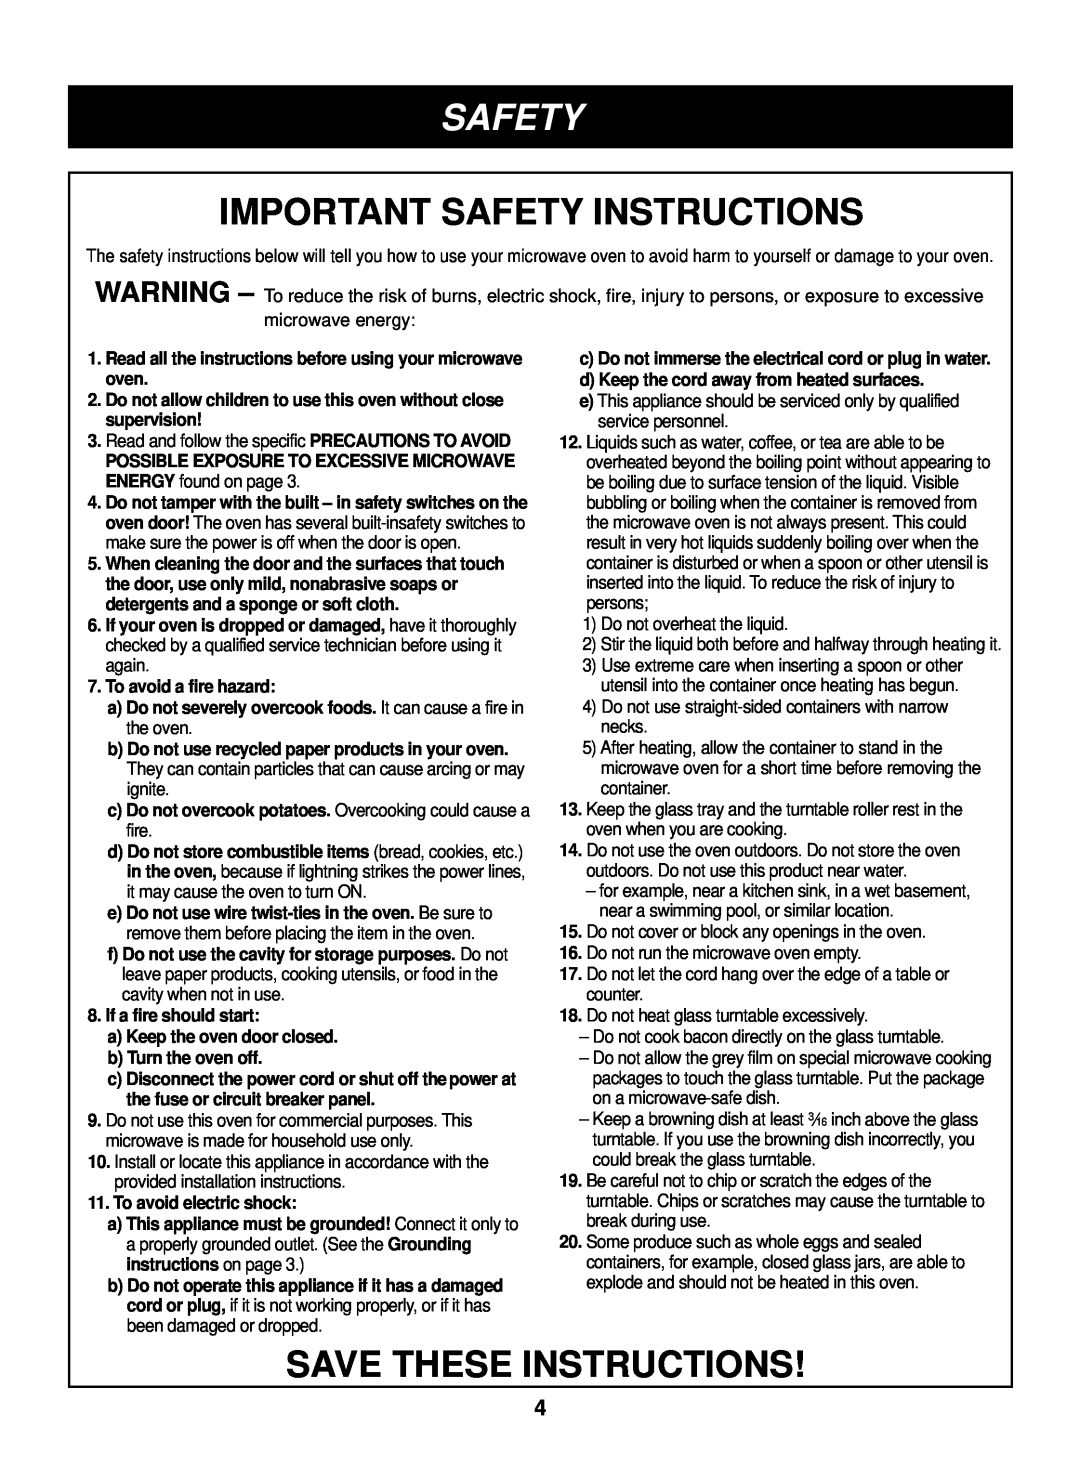 LG Electronics LTRM1240ST, LTRM1240SB, LTRM1240SW manual Important Safety Instructions, Save These Instructions 
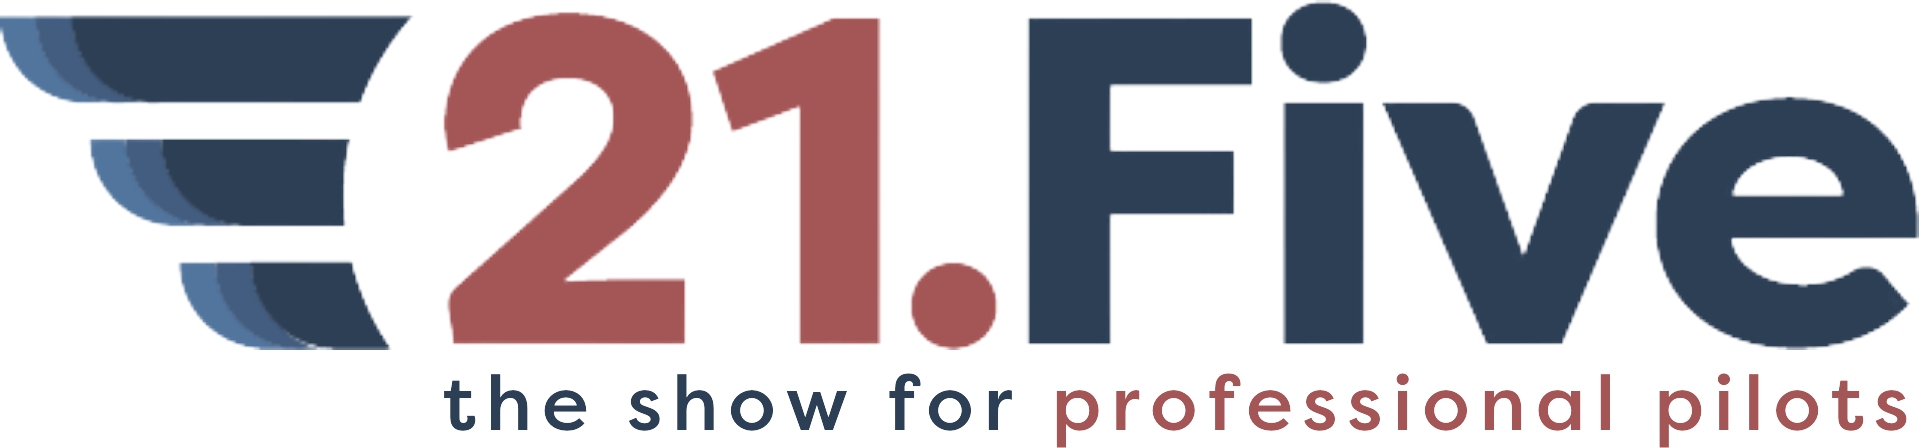 21F Wordmark Logo
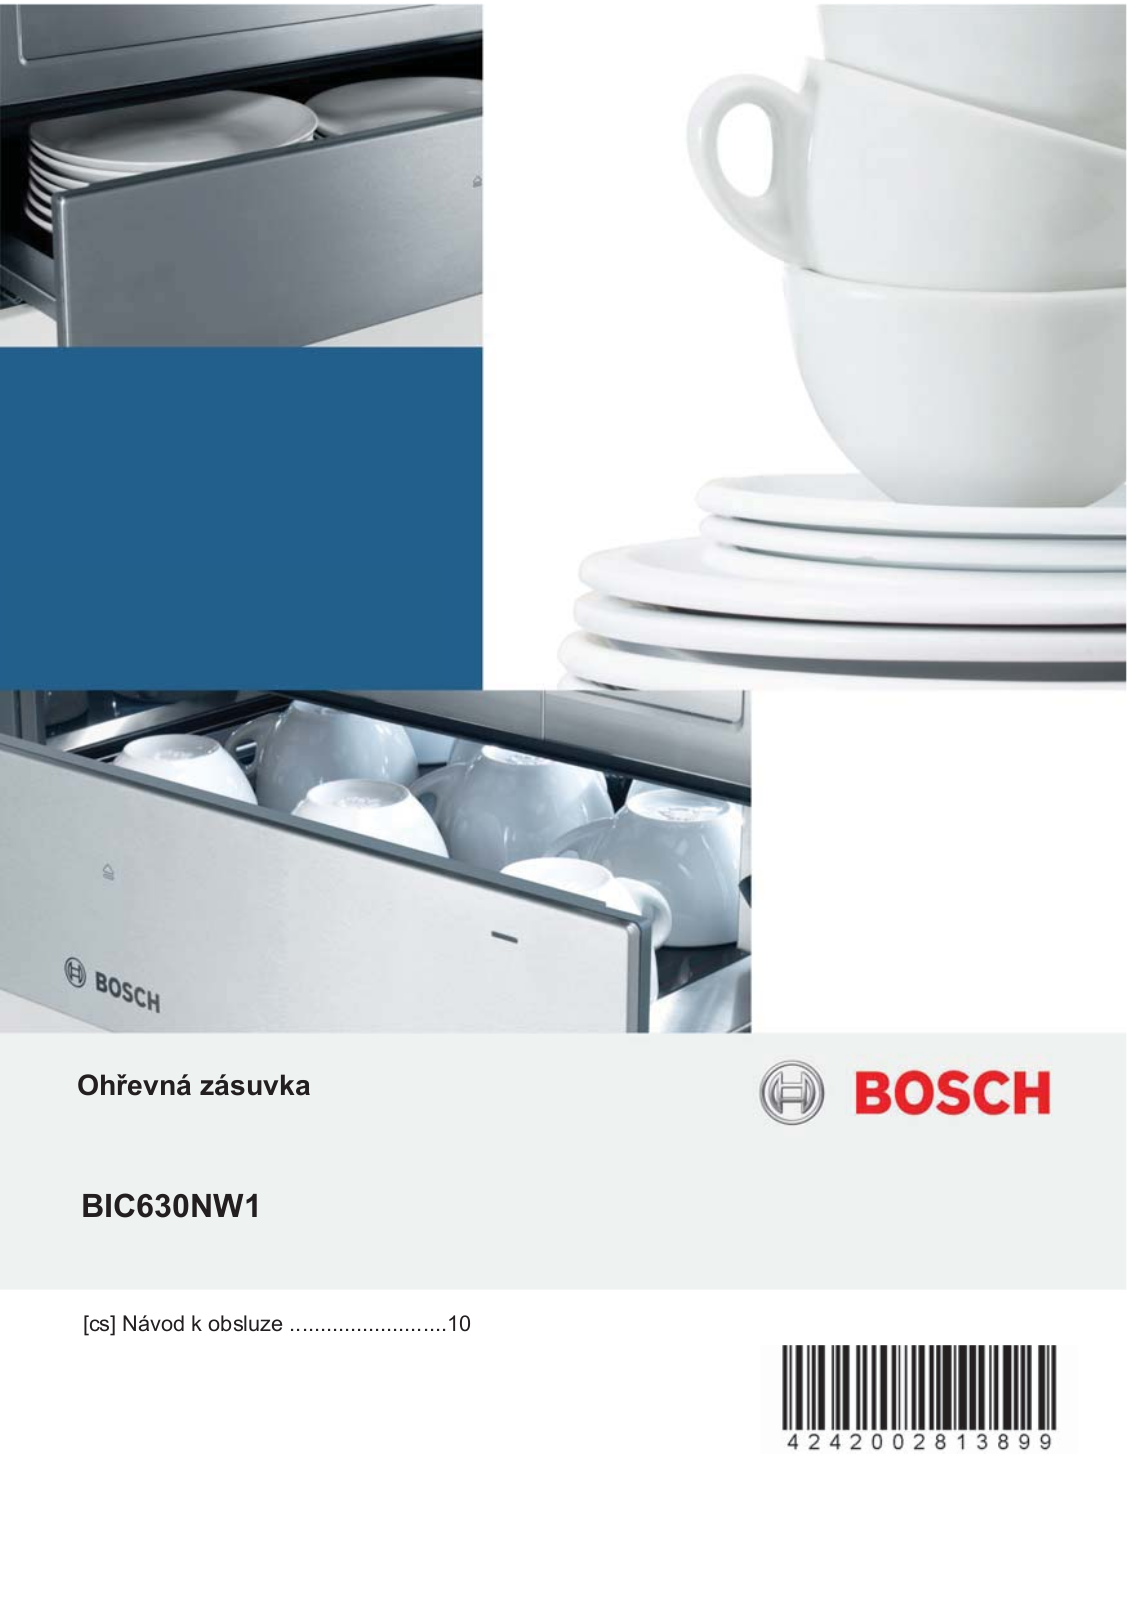 Bosch BIC630NW1 User Manual

▬▬▬

Exercise – Give back the full listing exactly, with pictures dropped.

Exercise answer –
 LG Electronics LTRM1240ST, LTRM1240SB, LTRM1240SW manual Important Safety Instructions, Save These Instructions 
 21F Wordmark Logo
 Bosch BIC630NW1 User Manual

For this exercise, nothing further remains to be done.